THE DAILY JOURNAL VANPOEM
 

As One Put Naked Into a Cigarette Boat

Continue chiding, since it's part of the new aesthetic,
and parcel to our coming home, as if
we'd disappeared into the burning bush
that calls to those who sit vacantly in parlors
awaiting a fate freighted with song and dance.
I stroll while staring and raging
with difficulty at the stubborn sky.

On my honor I step a little distance
from behind the curtain, only to disappear
the moment no birds sing, which occurs frequently.
Leaves dustier than furniture, the sound
of sleeping grating through the cosmos,
my footstool, my only talisman.
It's been real, arguing on your behalf.
Gray cobweb shadow, falling, floundering,
finding a place to not be shy and think
boldly about the oldness of beauty, a place
to rest its weary insubstantial head.

It may be that I stand on the threshold
of the checkout line, unsure of what
to be impulsive about, which momentous emptiness
to spontaneously identify my alienation with,
what kind of languor to slide into

before being reduced to grubbing for credentials,
locked in that tumid late-afternoon skin,
effervescing in its sea of dreams.
And all the things hearkening back to it,
the boat ride to breaker beach
there at the end of one world
where it paid to rage at the stammering waves
that kicked and screamed solely for my benefit,
staged objections to the inexorable fact of me.

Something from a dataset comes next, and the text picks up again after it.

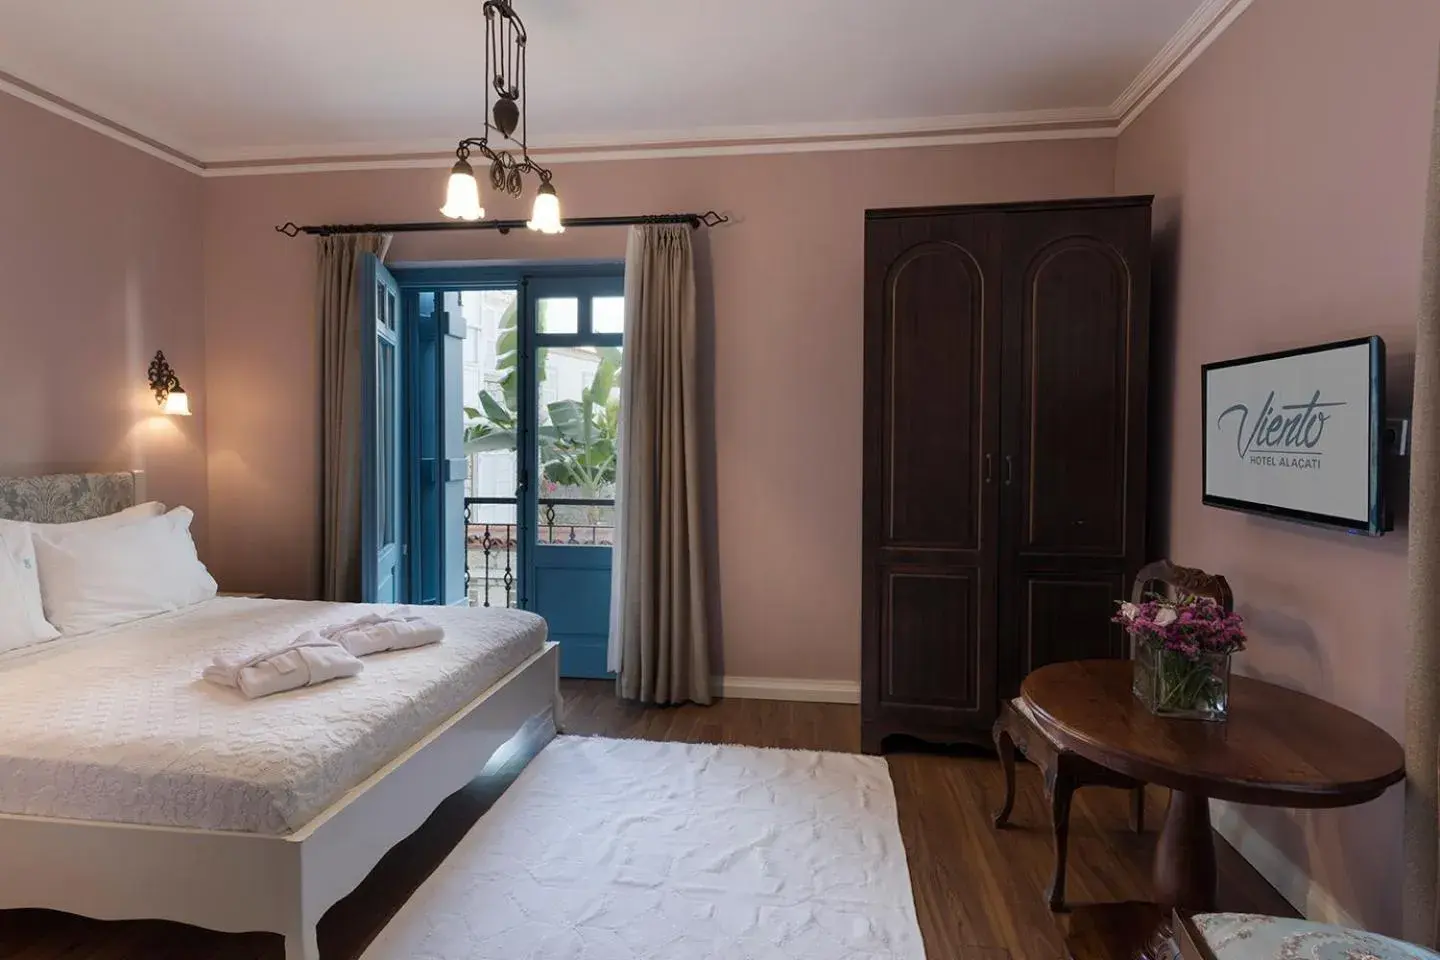 Bedroom in Viento Alacati Hotel
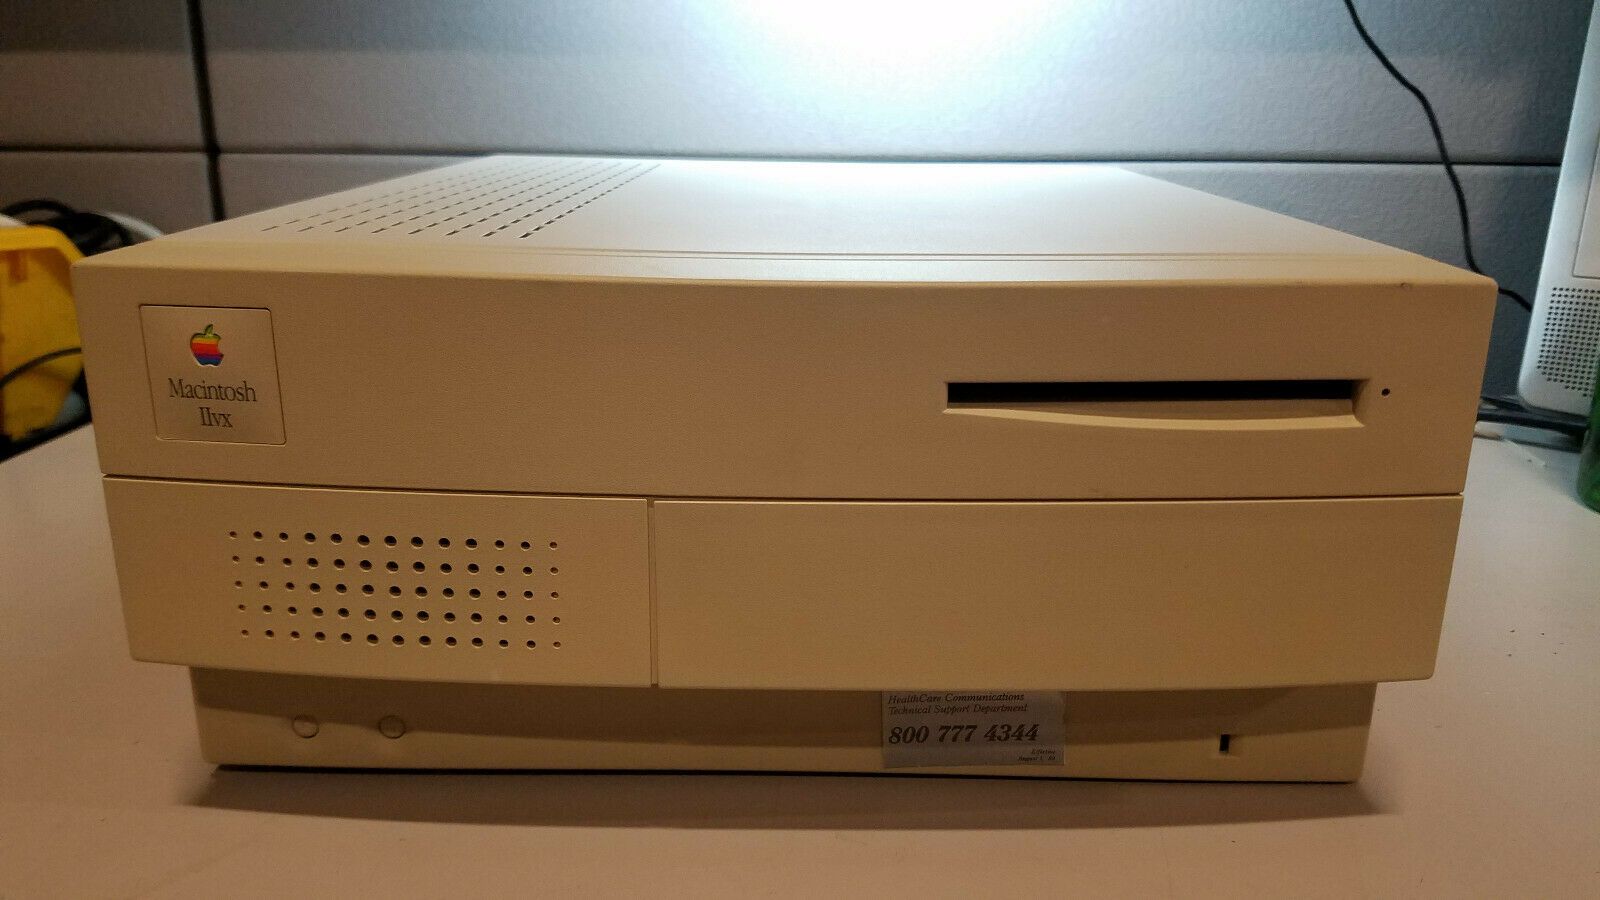 Этот день в истории Apple: компания выпускает первый Mac со встроенным CD-ROM

Look: I've installed a turnstile in my kitchen,
so your picture-postcard of desolation has no power over me.
In this doggy-dog world land is made motionless
and the broads are standing on the wharves
with some of that sipping whisky on those silver trays,
which we'd be a bear to pass up. You speak
of the old gods who've washed up on shore,
but I don't see them, don't hear their hue and cry,
though their maze awaits us, will amaze us.
Here, let me get this little rock out of my damn shoe.
Then we can talk about paddling off to parts unknown.